In early AI retrosynthesis research, researchers often worked backward from products to reactants based on reaction templates, i.e., template-based retrosynthesis.Among them, molecular fingerprints based on multi-layer perceptrons are often used for product encoding and template selection.

Then,Researchers began to explore template-free and semi-template synthesis methods, mainly including:

1. Sequence-based retrosynthesis;

2. Diagram-based retrosynthesis.

The main difference between the two lies in the representation of molecules. The former uses linearized strings to represent molecules, such as the SMILES specification, while the latter uses molecular graph models to represent molecules, mainly including the prediction of reaction centers (RC) and the completion of synthons.
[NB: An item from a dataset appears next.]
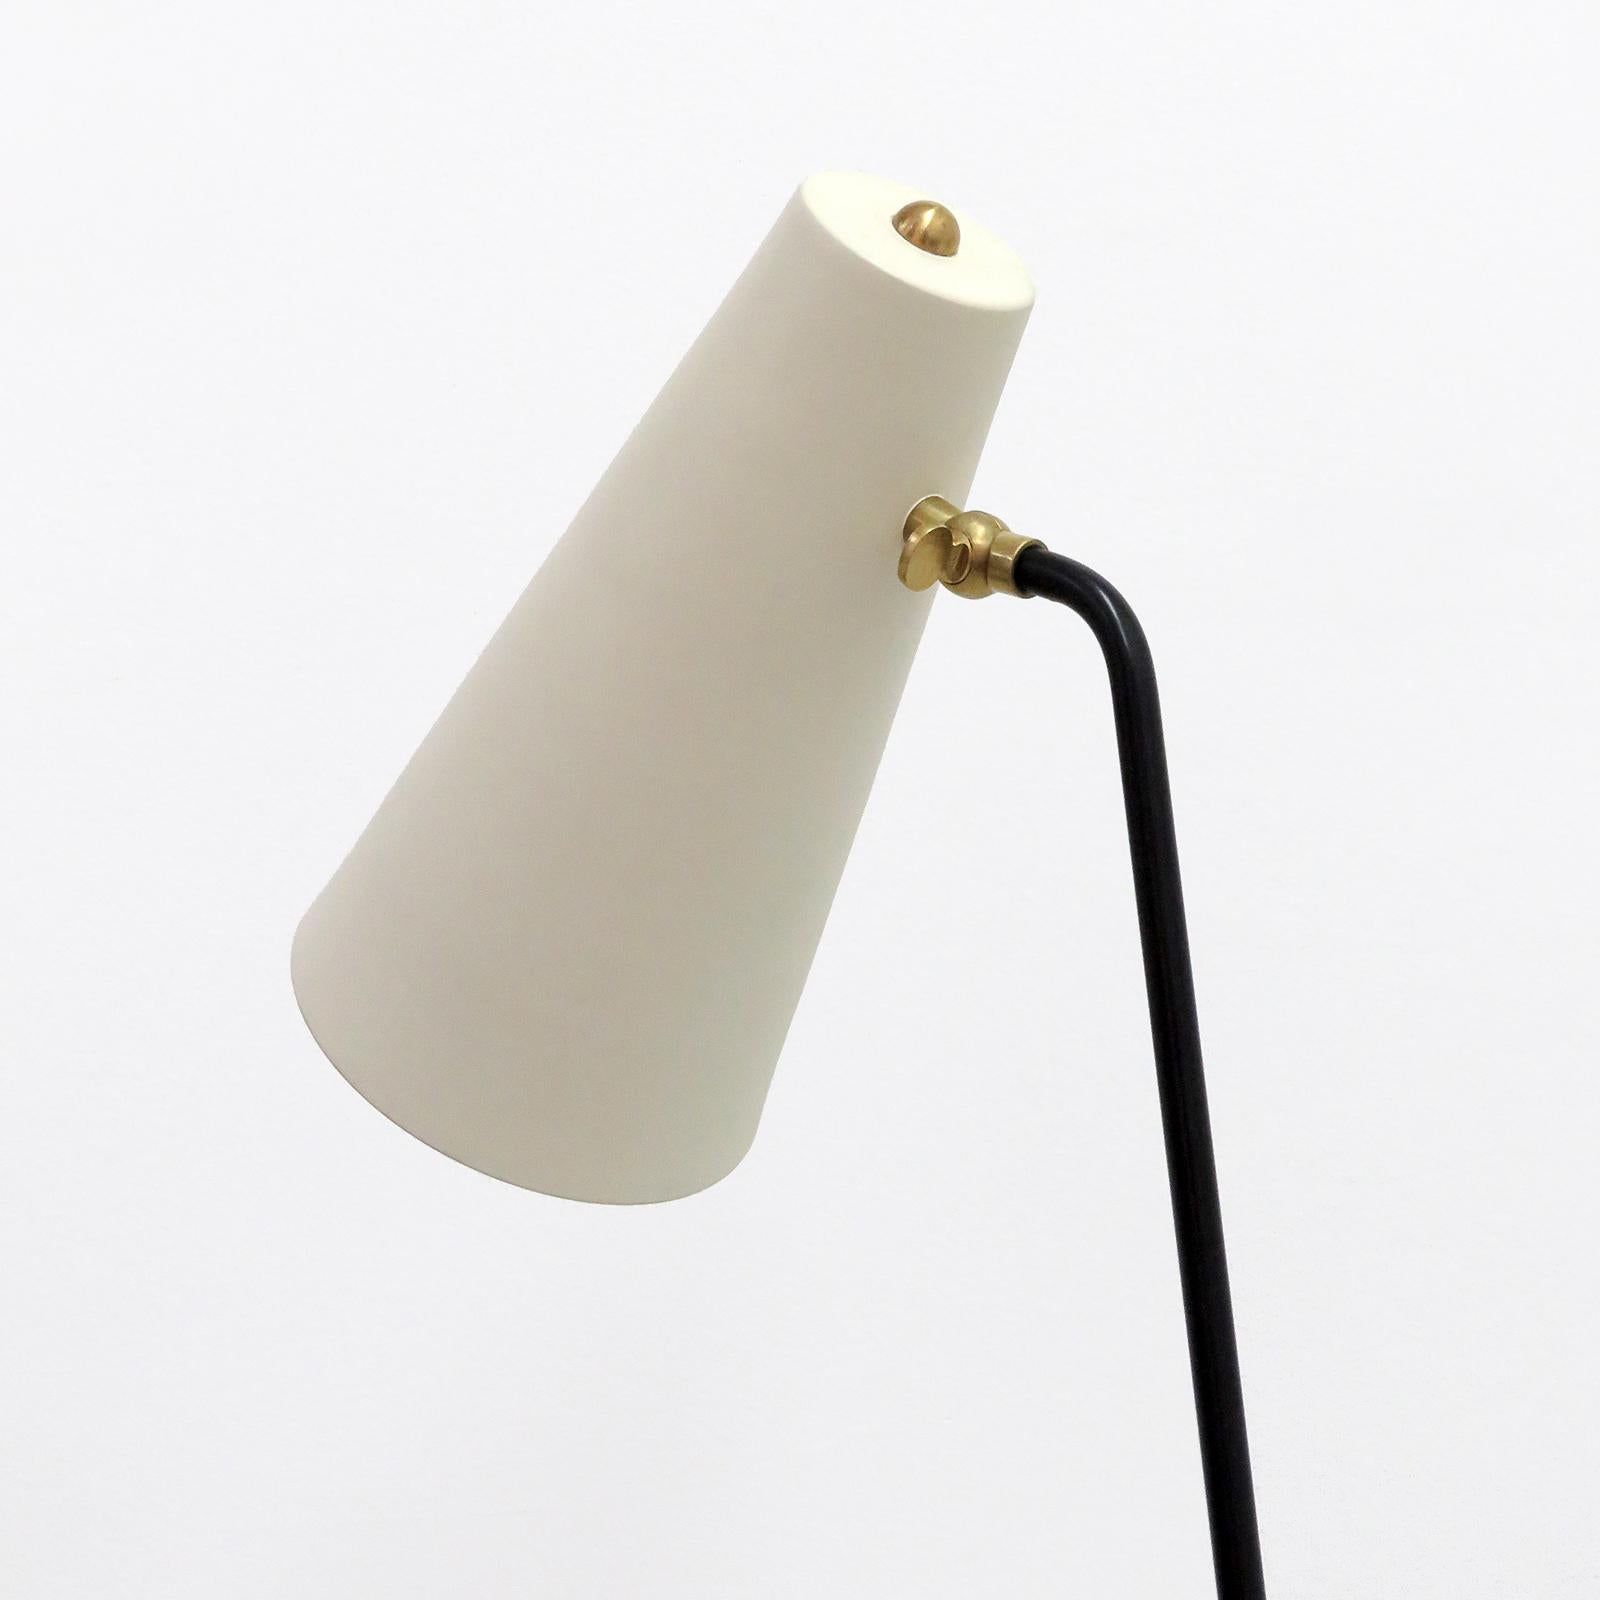 American Minimalist Floor Lamp 'Apex' by Gallery L7

Figure 2: SMILES expressions of some substances

Although the existing retrosynthetic methods have made significant progress,However, there are still three endogenous problems:

1.Sequence-based retrosynthesis misses molecular information, while graph-based retrosynthesis ignores sequence information and long-range features of moleculesBoth methods are limited in feature learning and it is difficult to improve performance;

2.Deep learning-based retrosynthesis methods have poor interpretabilityAlthough template-based retrosynthesis can provide an easy-to-understand synthetic route, the decision-making mechanism of the algorithm is still vague, and the repeatability and feasibility of the model need to be considered;

3.Existing methods mostly focus on single-step retrosynthesisThis method seems to give reasonable reactants, but these reactants may be difficult to purchase or require complicated post-processing. Therefore, multi-step retrosynthesis may be more meaningful in actual chemical synthesis.
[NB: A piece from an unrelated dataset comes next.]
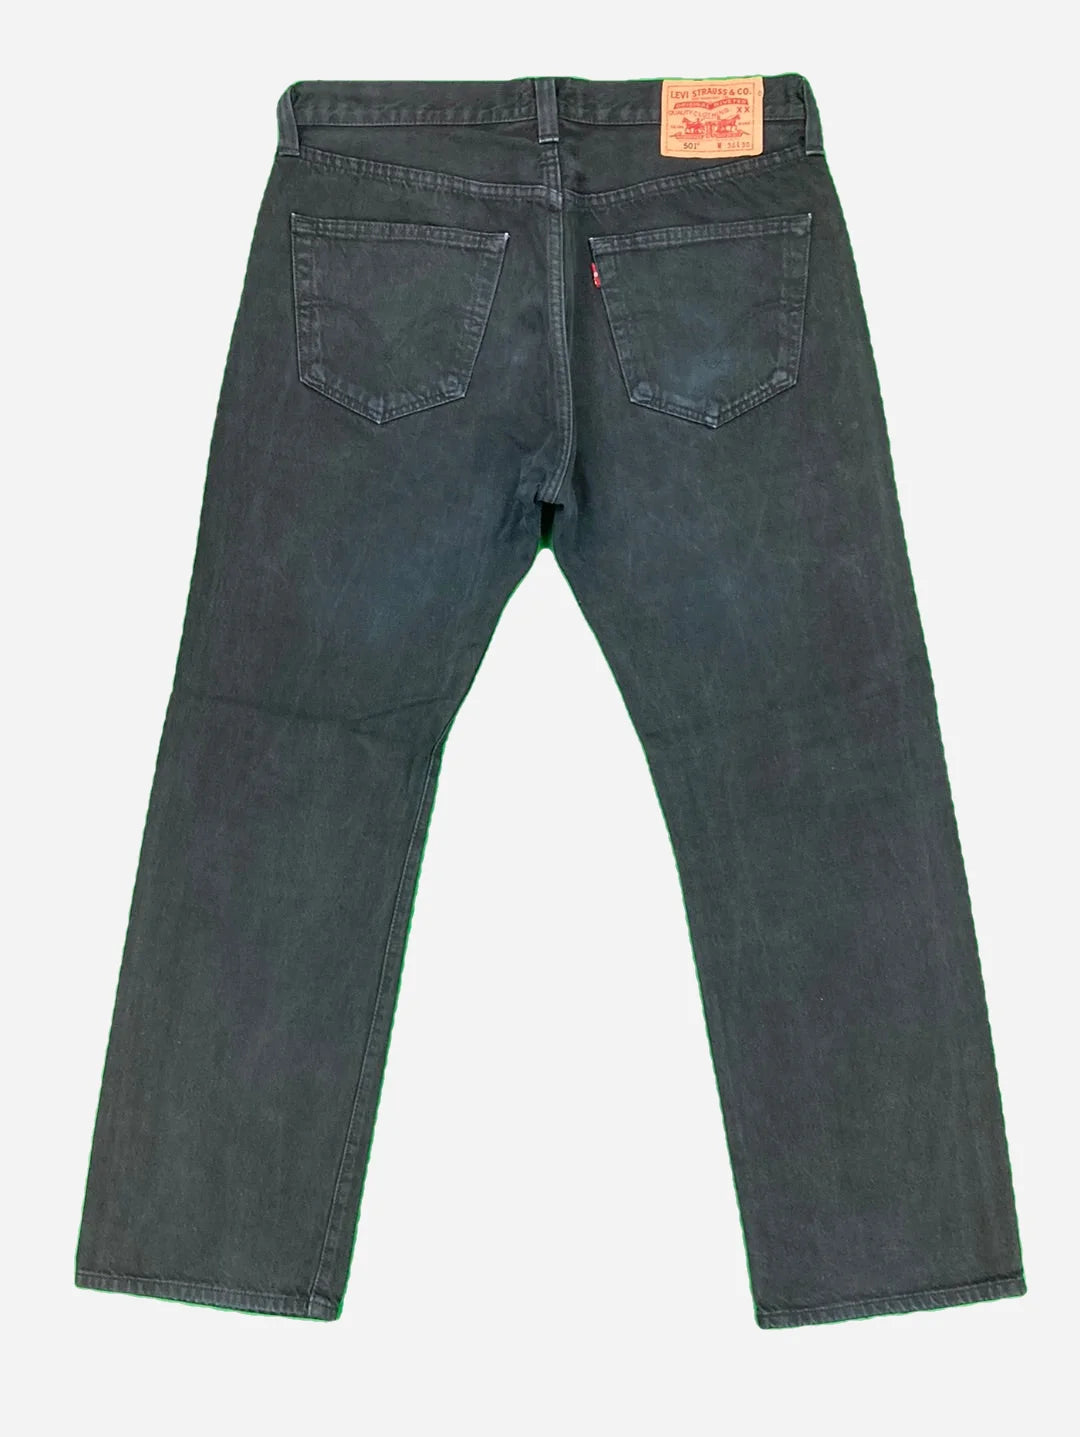 Levi's 501 Jeans 36/30 (L)

to this end,Wei Leyi from Shandong University and Zou Quan's research group from the University of Electronic Science and Technology of China jointly developed RetroExplainer . This algorithm can make retrosynthesis predictions based on deep learning, while taking into account the interpretability and feasibility of the algorithm. RetroExplainer outperformed other algorithms in almost 12 benchmark datasets, and 86.91% of the reactions in the proposed synthesis routes were verified by the literature. This result has been published in "Nature Communications".

This result has been published in Nature Communications.

Paper link:

https://www.nature.com/articles/s41467-023-41698-5

Follow the official account and reply "retrosynthesis" to get the full paper PDF

Experimental procedures

Algorithm construction:Module + Subgrid

The entire retrosynthetic analysis process includes four steps: molecular graphic encoding, multi-task learning, decision-making, and multi-step synthesis route prediction.

RetroExplainer mainly consists of four modules: Multi-sensory Multi-scale Graph Transformer (MSMS-GT), Dynamic Adaptive Multi-task Learning (DAMT), Explainable Decision Module and Route Prediction Module.

Figure 3: Schematic diagram of RetroExplainer and its modules

a: RetroExplainer process diagram;

b: MSMS-GT architecture;

c: Schematic diagram of DAMT algorithm;

d: Decision-making process similar to the reaction mechanism.

MSMS-GT captures important chemical information through chemical bond embedding and atomic topological embedding. The encoded information is fused into molecular vectors through a multi-head attention mechanism.

In the DAMT module, molecular information is simultaneously input into the Reaction Center Prediction (RCP), Leaving Group Match (LGM), and Leaving Group Connect (LGC) subgrids.

RCP identifies changes in chemical bonds and the number of hydrogen atoms adjacent to an atom, LGM matches the leaving group in the product to that in the database, and LGC links the leaving group to the product residue.

The decision module converts the product into the reactant based on the five retrosynthetic actions and the energy score (E) of the decision curve, and reversely simulates the molecular assembly process.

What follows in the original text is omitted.